Showing that a Sylow subgroup of a group of order $p^{2}q$ is normal.

Question

Suppose that I have a group $G$ of order $p^{2}q$ for two distinct primes $p$ and $q$.

I need to first show that one of its Sylow subgroups is normal.

I start by letting $H$ be a Sylow $p$-subgroup and $K$ be a Sylow $q$-subgroup.

If $K$ is not normal, then letting $r$ denote the number of Sylow $q$-subgroups, I have that $r|p^{2}$ and $r\equiv 1$(mod $q$). I also have by the second Sylow theorem that $r\neq 1$.

So $r = p$ or $p^{2}$.

If $r = p^{2}$, I can write out the Sylow $q$-subgroups, and count their combined elements to show that $H$ is uniquely determined and then again imply Sylow number $2$ to obtain that $H$ is normal.

But if $r = p$, then I cannot see how to proceed. Can anyone give any advice?

Thank you.

( I am happy to provide more detail for the $r = p^{2}$ case if it is desired or appropriate. )

Answer 1

Let $N_q$ be the number of Sylow $q$-subgroups.

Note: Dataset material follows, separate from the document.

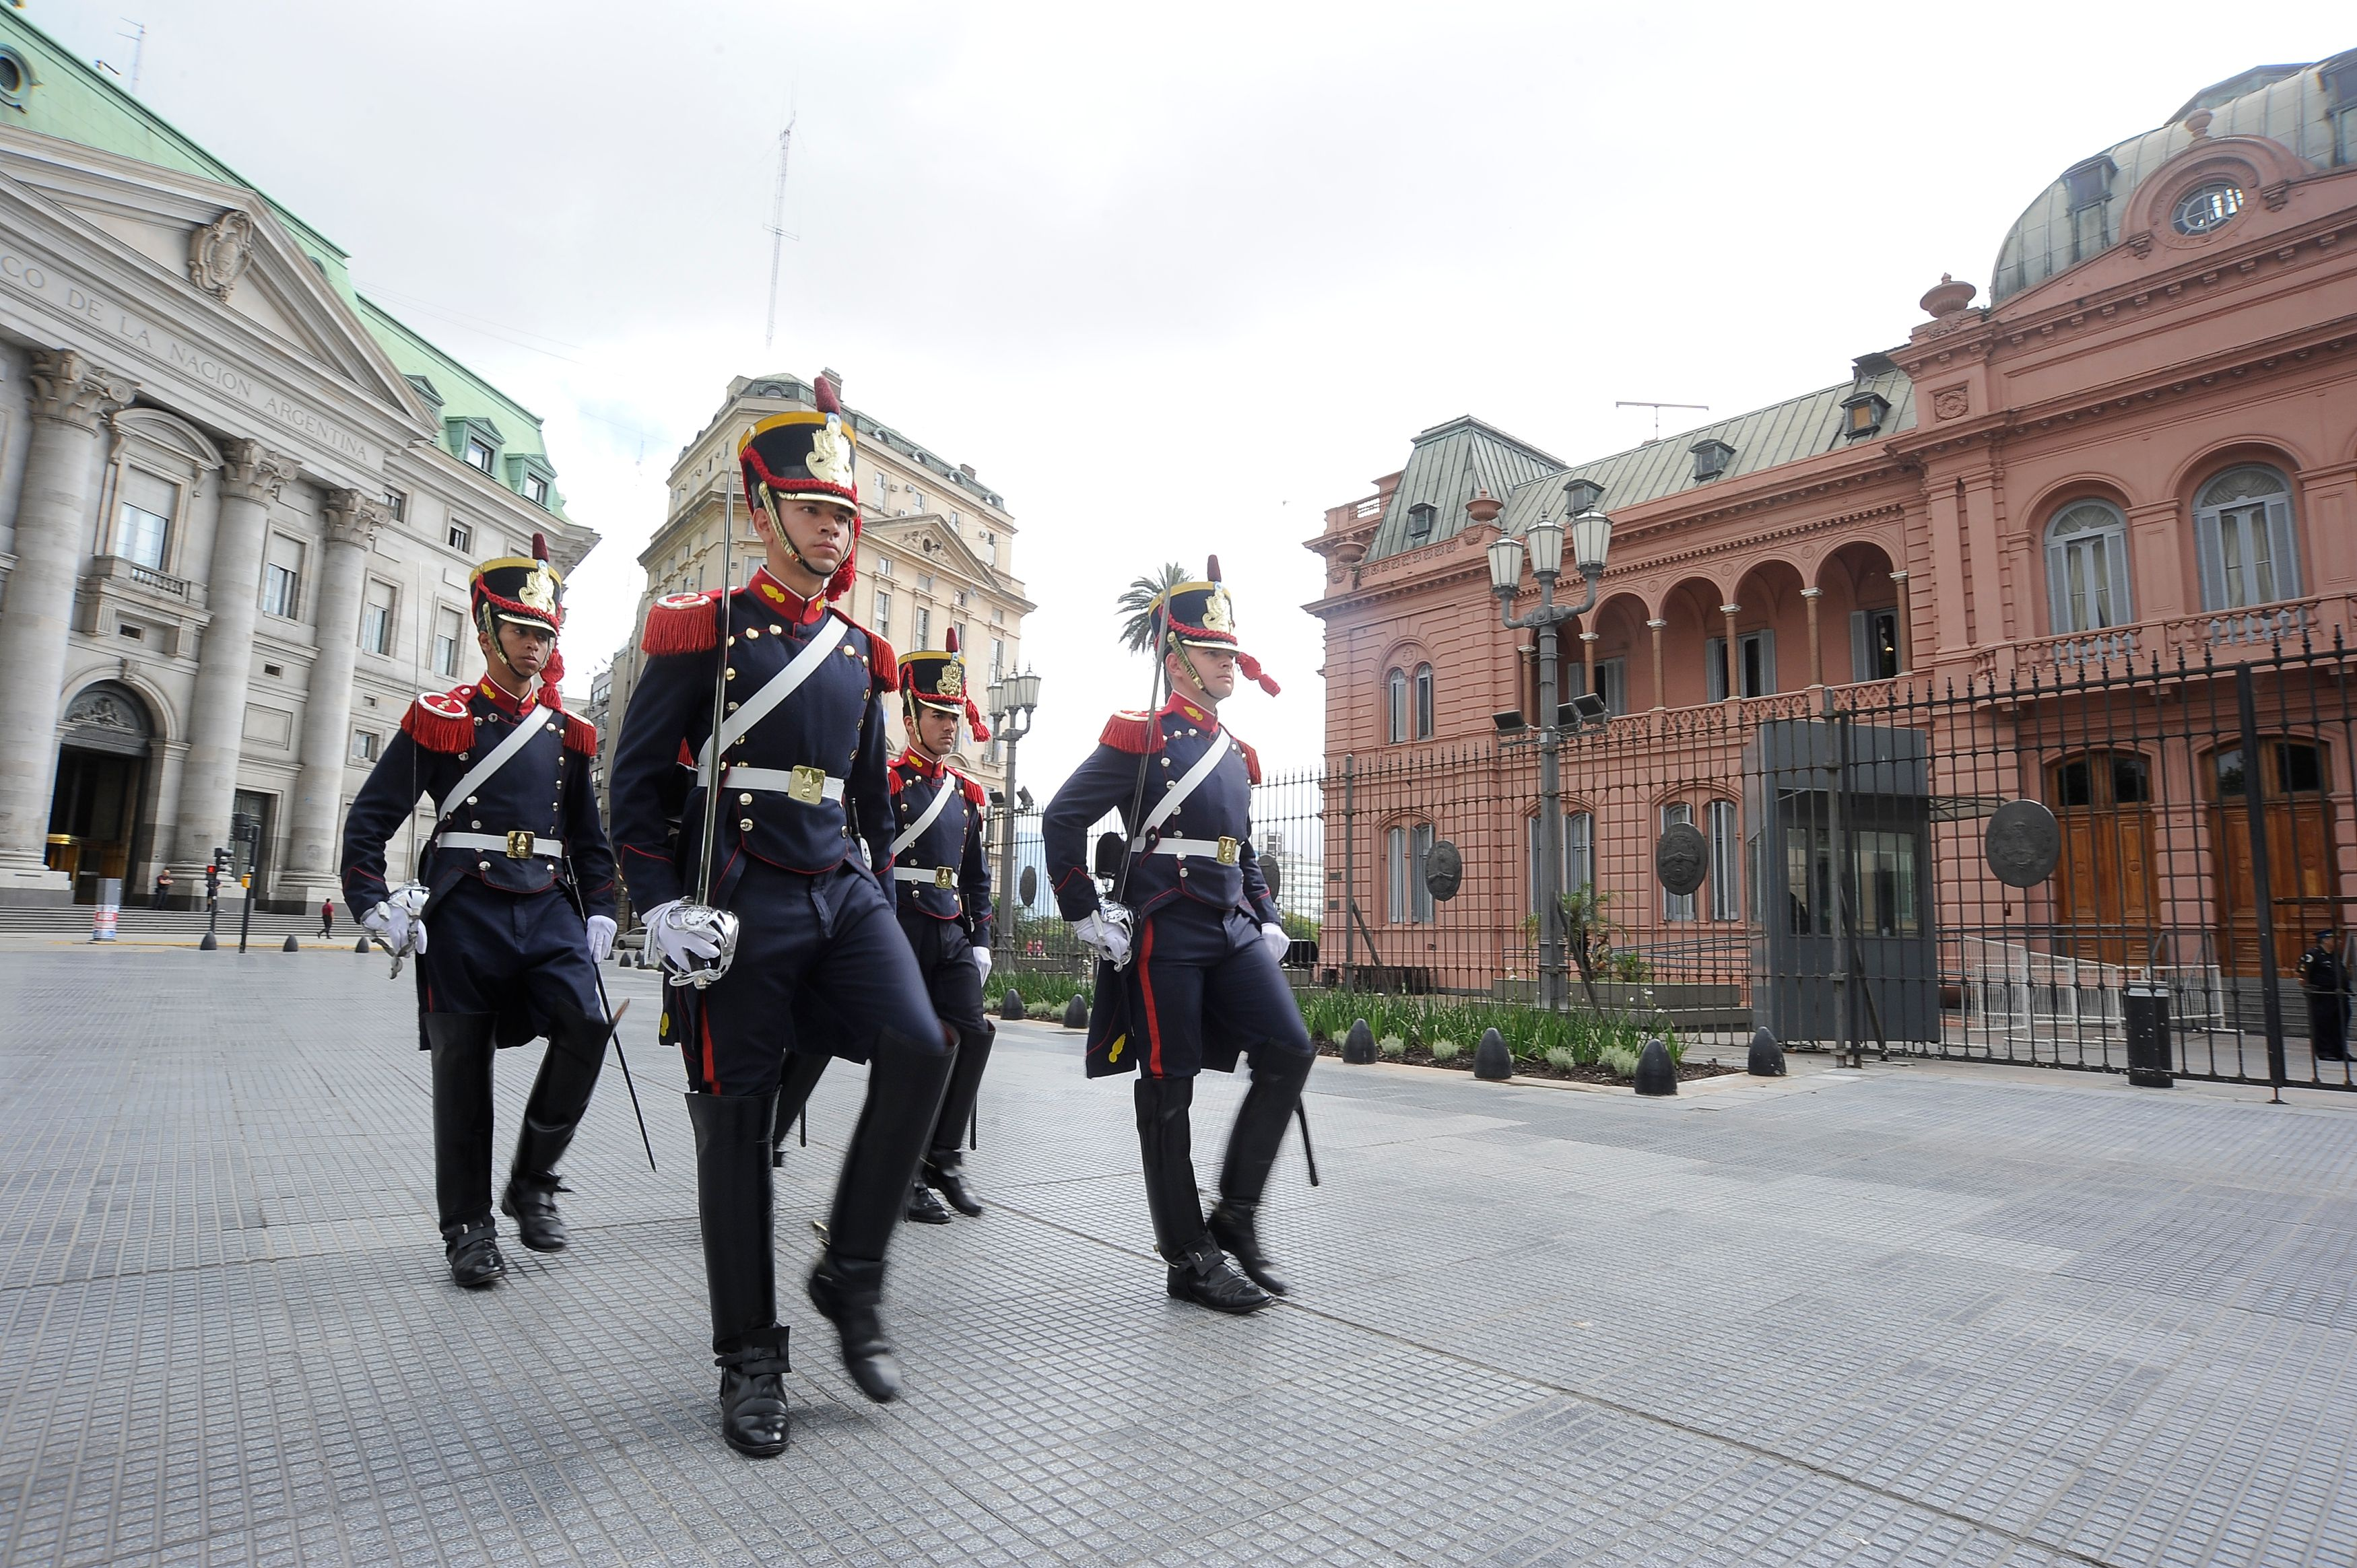 JAVIER GONZALEZ TOLEDO / AFP

Then $N_q = 1$ or $p$ or $p^2$.

Suppose $N_q = p$. Since $p \equiv 1$ (mod $q$), $p > q$. Similarly if the number of Sylow $p$-subgroup is $q$, $q > p$. This is a contradiction. Hence there is only one Sylow $p$-subgroup.

Suppose $N_q = p^2$. Then the number of elements of order $q$ is $p^2(q - 1)$. Hence the number of elements of order not equal to $q$ is $p^2q - p^2(q - 1) = p^2$. Hence there is only one Sylow $p$-subgroup.

Answer 2

As you noted $n_q=1,p,p^2$. I assume $p<q$. If $n_q=p$ then $n_q=1+kq=p\Longrightarrow p>q$ which is a contradiction. If $n_q=p^2$, let $Q_1, Q_2$ be two distinct $q-$ sylow subgroup. They are both cyclic of order $q$. $Q_1\cap Q_2\le Q_1$ then $|Q_1\cap Q_2|\bigg|q$ so $|Q_1\cap Q_2|=1$ or $=q$. if $|Q_1\cap Q_2|=q$ then $Q_1\cap Q_2=Q_1$ which is wrong so $|Q_1\cap Q_2|=1$. Hence, every two $q-$ sylow subgroup has $1$ in common. Now enumerate all non-trivial element of the group which lie in these $p^2$ subgroups. It is as @Makoto pointed. It is exactly the order of a $p$ sylow subgroup of $G$. Since there is not any member in shared among $p-$ sylow subgroups and $q-$ sylow subgroups so the $p-$ sylow is normal in the group.